Preparing the Dataset

The first task was to prepare a dataset that could be used to train an NER model. The ade_corpus_v2 dataset on the HF Hub was an excellent starting point, featuring (in the Ade_corpus_v2_drug_ade_relation subset) thousands of example texts with labeled spans for not only AEs, but also drug names. Because of this, I was able to go beyond the original objective by training the model simultaneously to tag drugs.

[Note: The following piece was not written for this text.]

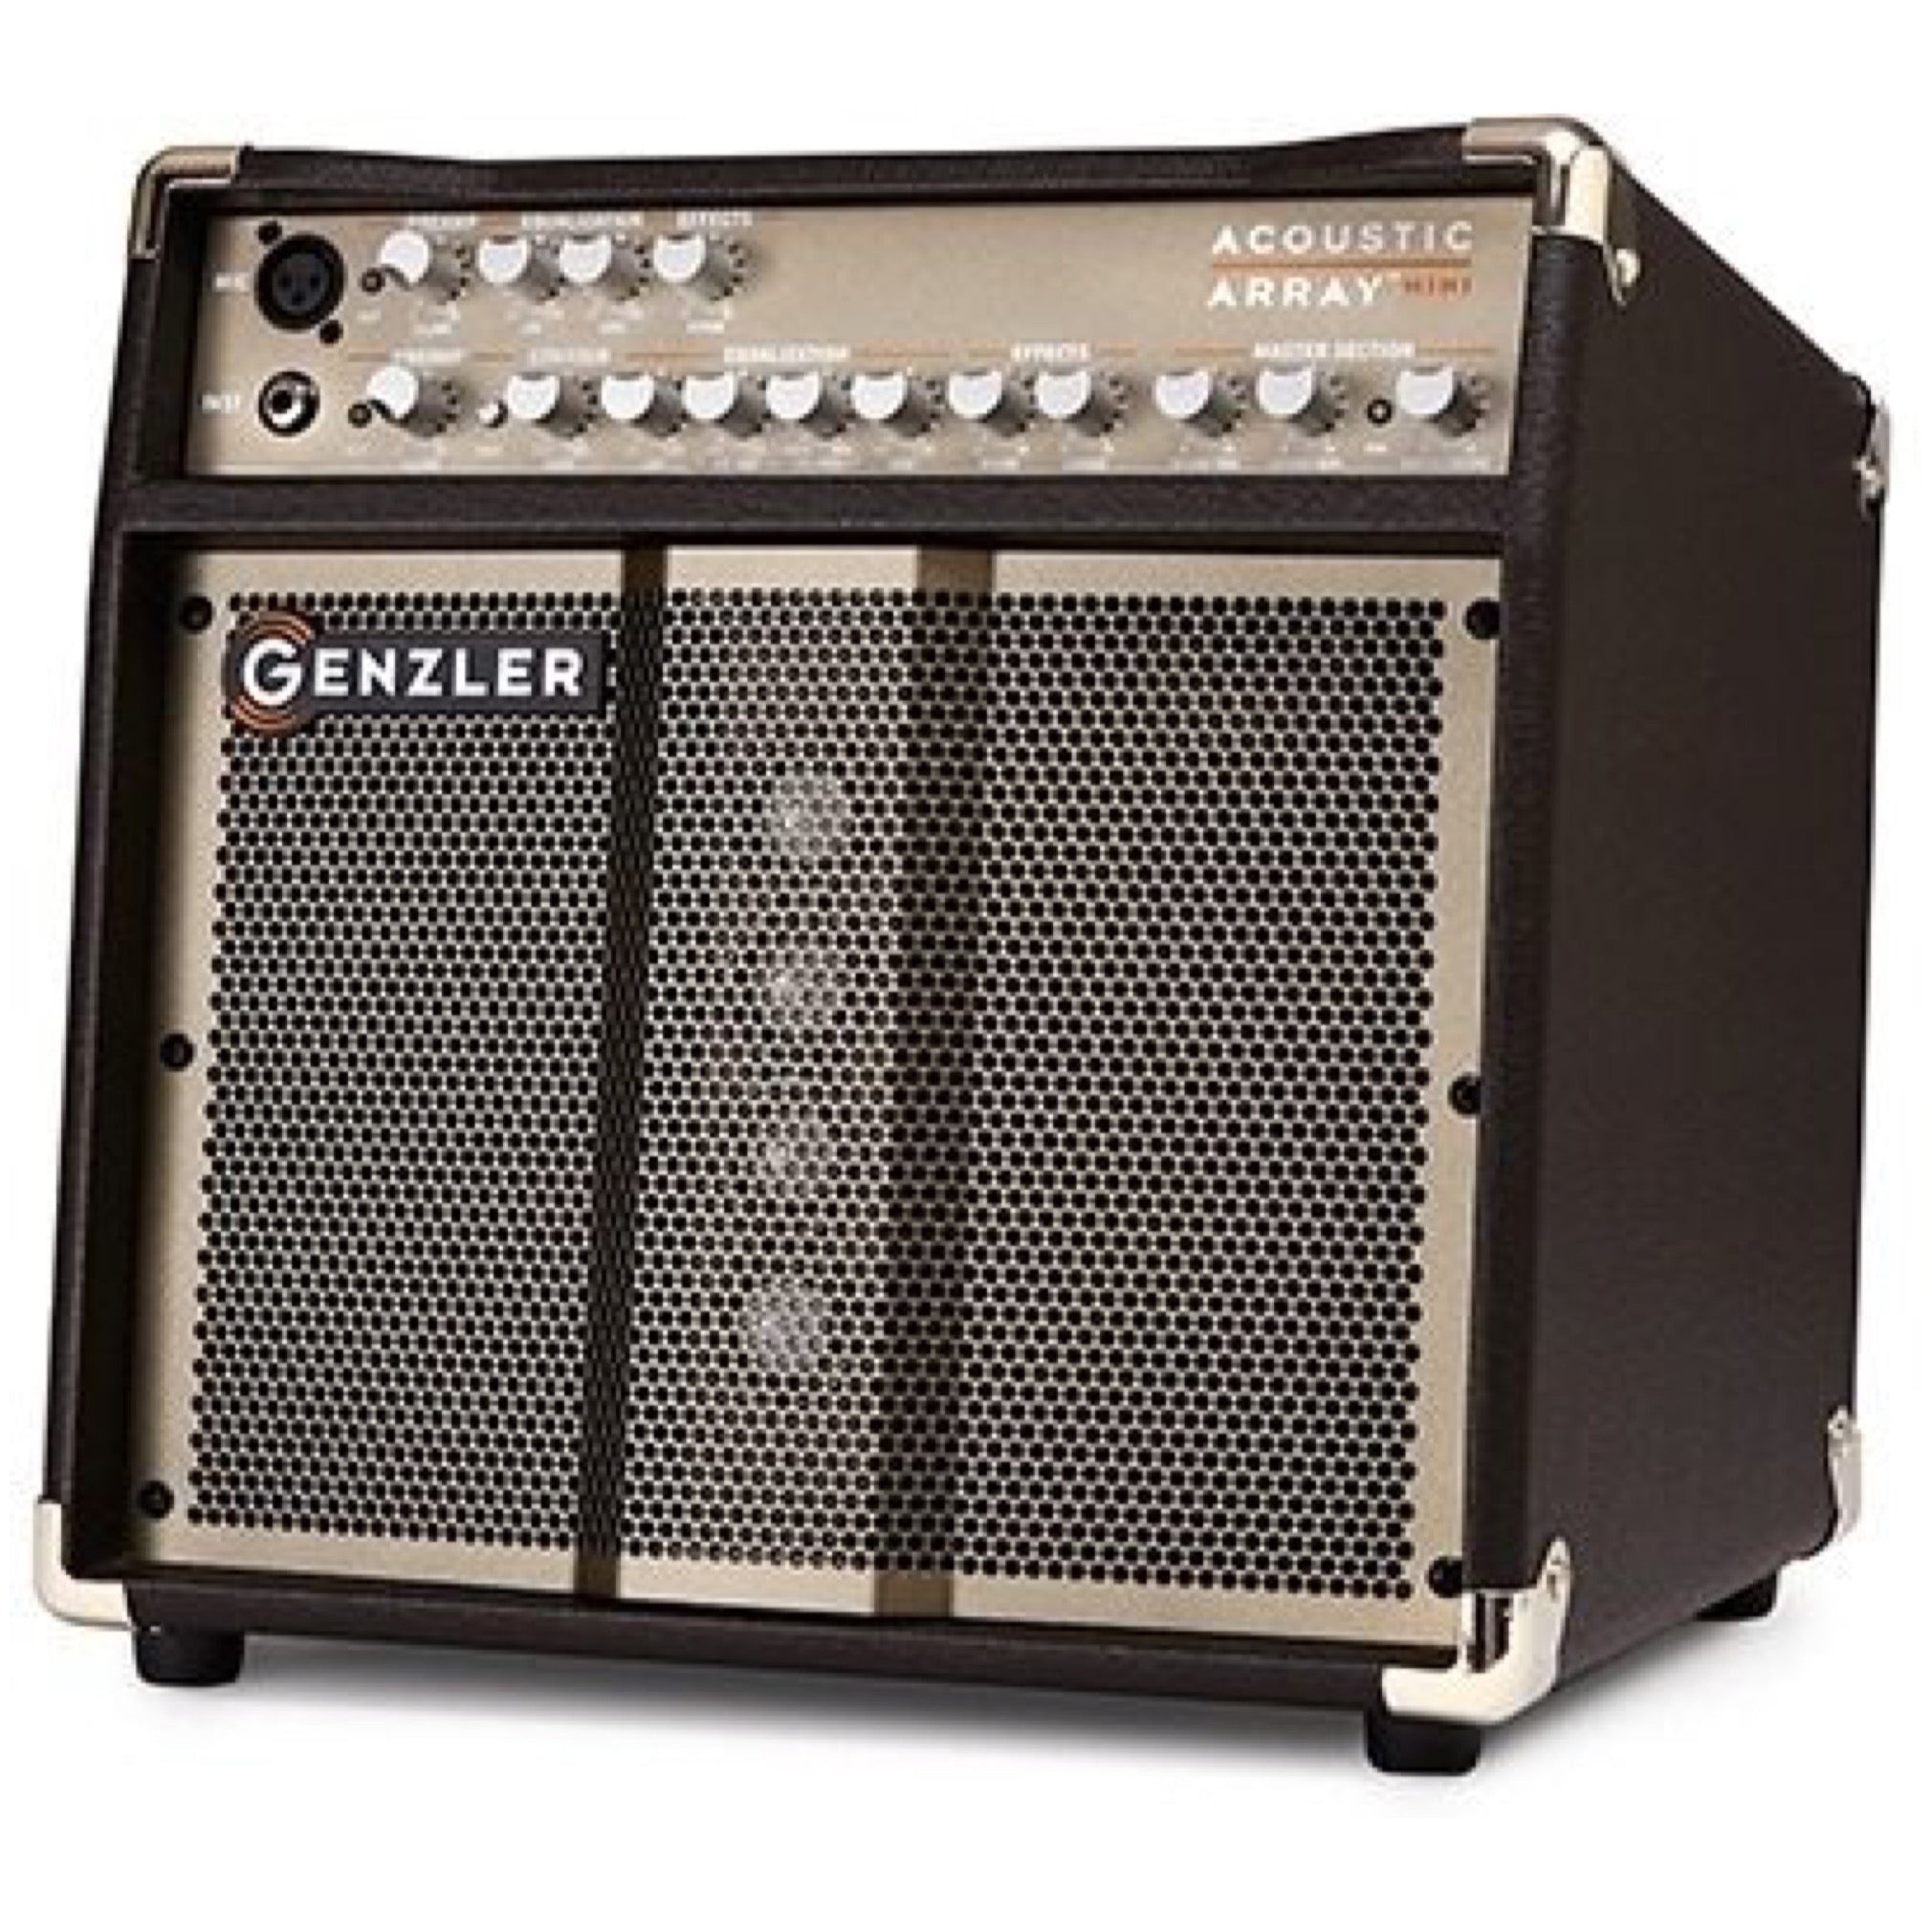 Genzler Acoustic Array MINI Acoustic Guitar Amplifier (100 Watts, 1x8 –  Same Day Music
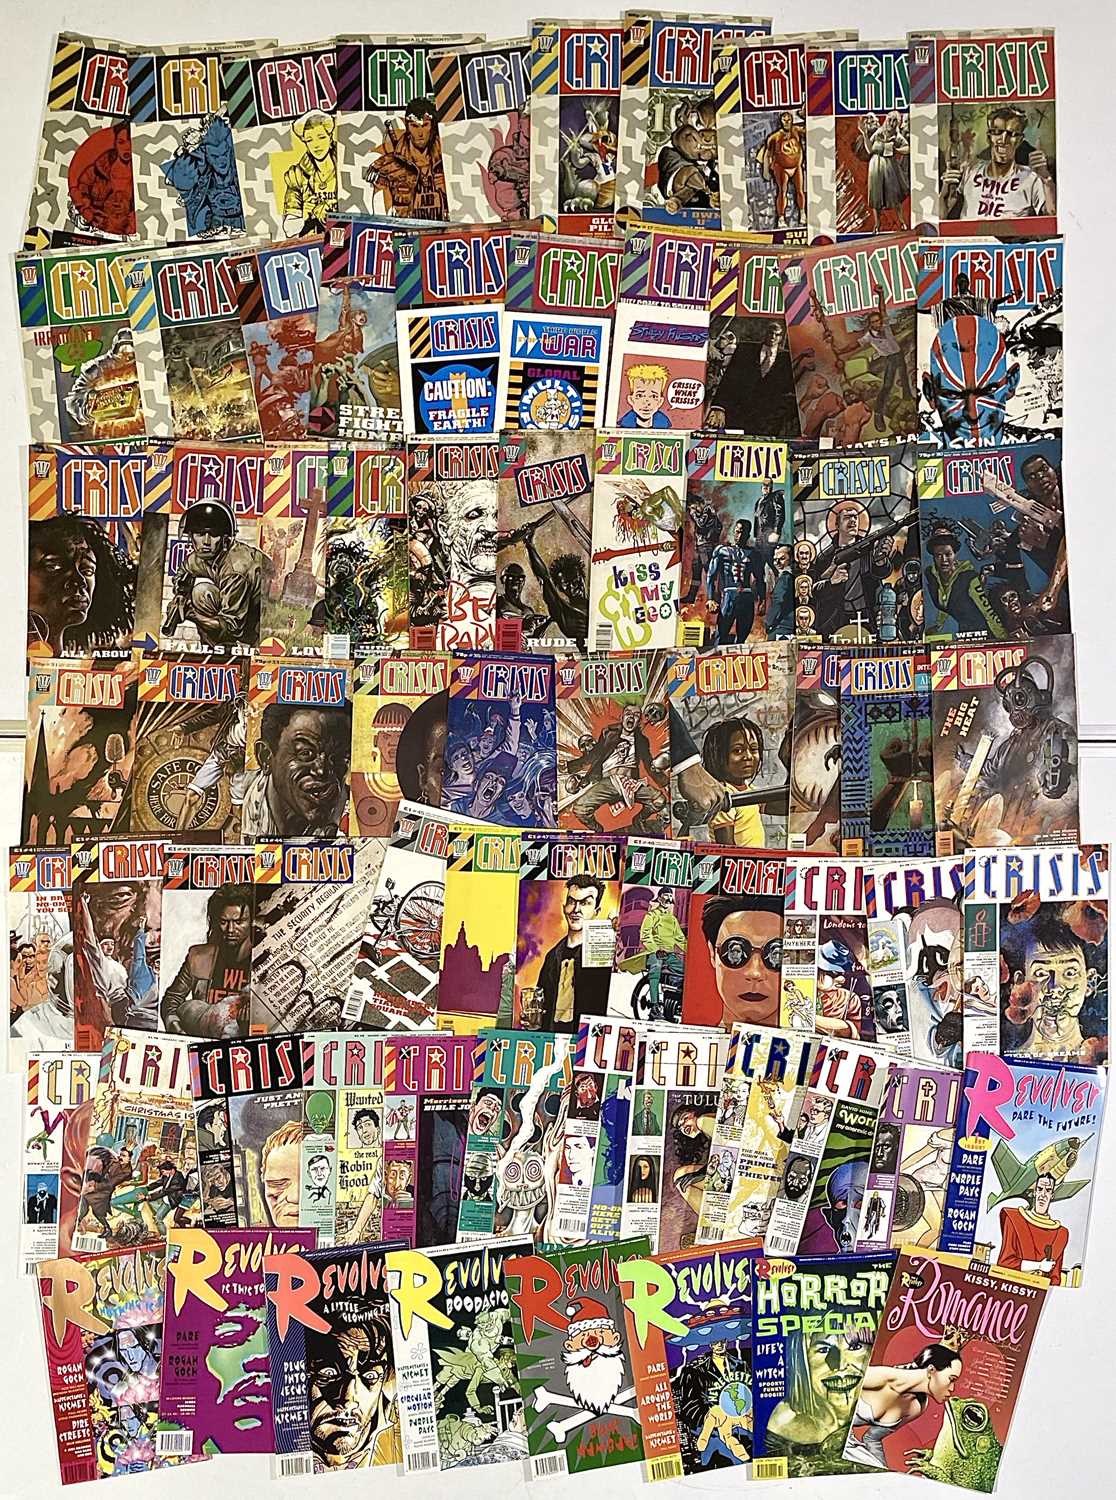 LARGE COLLECTION - 2000AD COMICS. - Image 3 of 6

However, the data could not used as-is, because drugs and AEs are identified one at a time, as opposed to all at once for a given sentence. Therefore, if a unique sentence contains multiple drugs or AEs, that sentence would appear multiple times in the dataset. For example, below is a unique sentence appearing repeatedly in this manner:

{'text': 'After therapy for diabetic coma with insulin (containing the preservative cresol) and electrolyte solutions was started, the patient complained of increasing myalgia, developed a high fever and respiratory and metabolic acidosis and lost consciousness.', 'drug': 'insulin', 'effect': 'increasing myalgia', 'indexes': {'drug': {'start_char': [37], 'end_char': [44]}, 'effect': {'start_char': [147], 'end_char': [165]}}}

{'text': 'After therapy for diabetic coma with insulin (containing the preservative cresol) and electrolyte solutions was started, the patient complained of increasing myalgia, developed a high fever and respiratory and metabolic acidosis and lost consciousness.', 'drug': 'cresol', 'effect': 'lost consciousness', 'indexes': {'drug': {'start_char': [74], 'end_char': [80]}, 'effect': {'start_char': [233], 'end_char': [251]}}}

{'text': 'After therapy for diabetic coma with insulin (containing the preservative cresol) and electrolyte solutions was started, the patient complained of increasing myalgia, developed a high fever and respiratory and metabolic acidosis and lost consciousness.', 'drug': 'cresol', 'effect': 'high fever', 'indexes': {'drug': {'start_char': [74], 'end_char': [80]}, 'effect': {'start_char': [179], 'end_char': [189]}}}
Therefore, despite containing 6821 rows, the dataset only contains around 4200 unique text samples. Having text samples repeat in this manner is problematic in an NER setting - if we treat each row as a unique datapoint, then we would confuse the model with contradictory labels for the same entities. For instance, the above example would be annotated like below :

After therapy for diabetic coma with <DRUG>insulin</DRUG> (containing the preservative cresol) and electrolyte solutions was started, the patient complained of <EFFECT>increasing myalgia</EFFECT>, developed a high fever and respiratory and metabolic acidosis and lost consciousness.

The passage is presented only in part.